If one micrometeorite (a sphere with a diameter of 1.50×10-6 m) strikes each square meter of the surface of the Moon each second (1 micrometeorite/m2/s), how many years will it take to cover the Moon to a depth of 1.80 m?

Assume that after impact, the micrometeorites spread evenly over the surface of the moon.

## Homework Equations

V = 4/3πr^3

## The Attempt at a Solution

I'm not sure if I'm thinking through this correctly, but here it goes.

SA of Moon (SA) = 3.8x10^13 m^2 (got this out of my textbook)

Thickness (T) = 1.8 m (Given in problem statement)

Total Volume needed to be filled by Micrometeorites = SA * T

= (3.8x10^13)(1.8) = 6.84x10^13 m^3

Volume of 1 Micrometeorite = V = 4/3πr^3 where r = (1.5x10^-6 / 2)

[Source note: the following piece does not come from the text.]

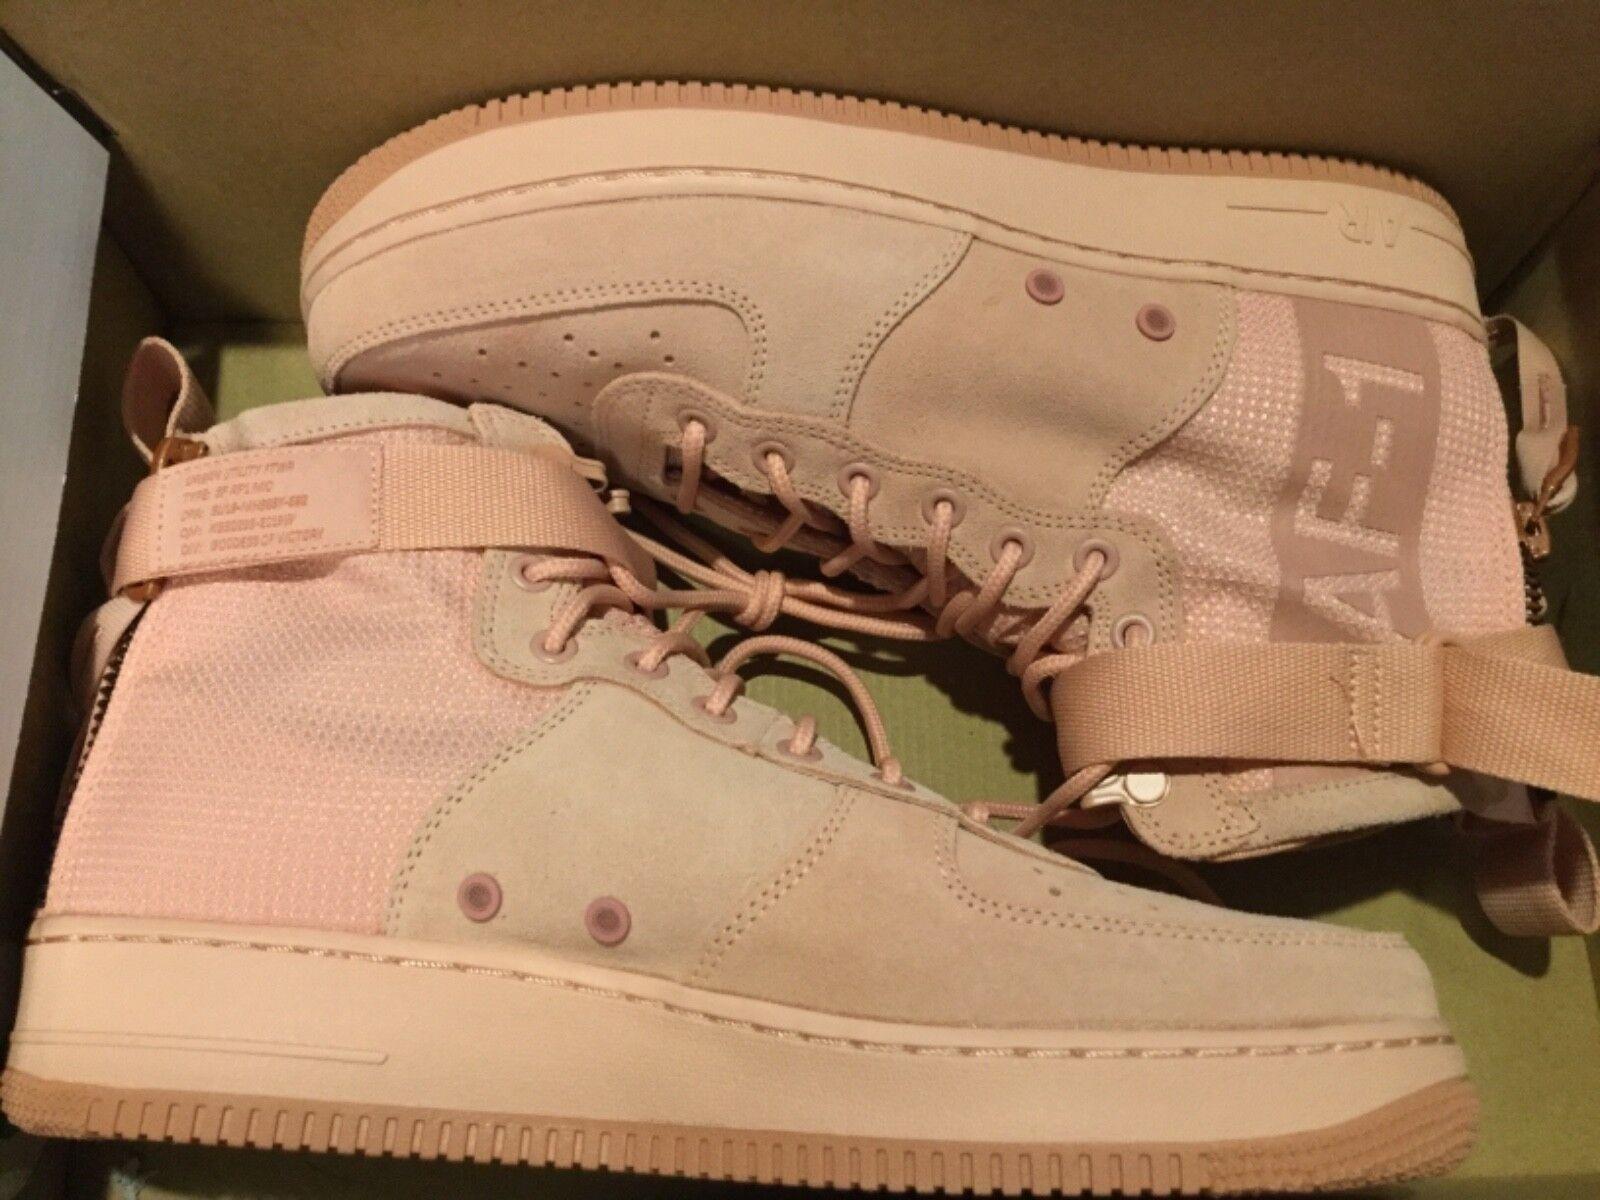 new styles 71048 b2a31 New Nike SF SF SF Air Force 1 AF1 Mid Suede shoes AJ9502-600 Sz

= 4/3π(1.5x10^-6 / 2)^3 = 1.77x10^18

Micrometeorites needed = Volume needed/Volume of Micrometeorites

= (6.84x10^13)/(1.767x10^-18) = 3.87x10^31

Since the rate at which they fall is 1 Micrometeorite/s that means a total of

3.87x10^31 seconds

which comes out to 1.22 years.

Apparently this is wrong (we have to enter our answers online, and we're told if we're right or not). Please help!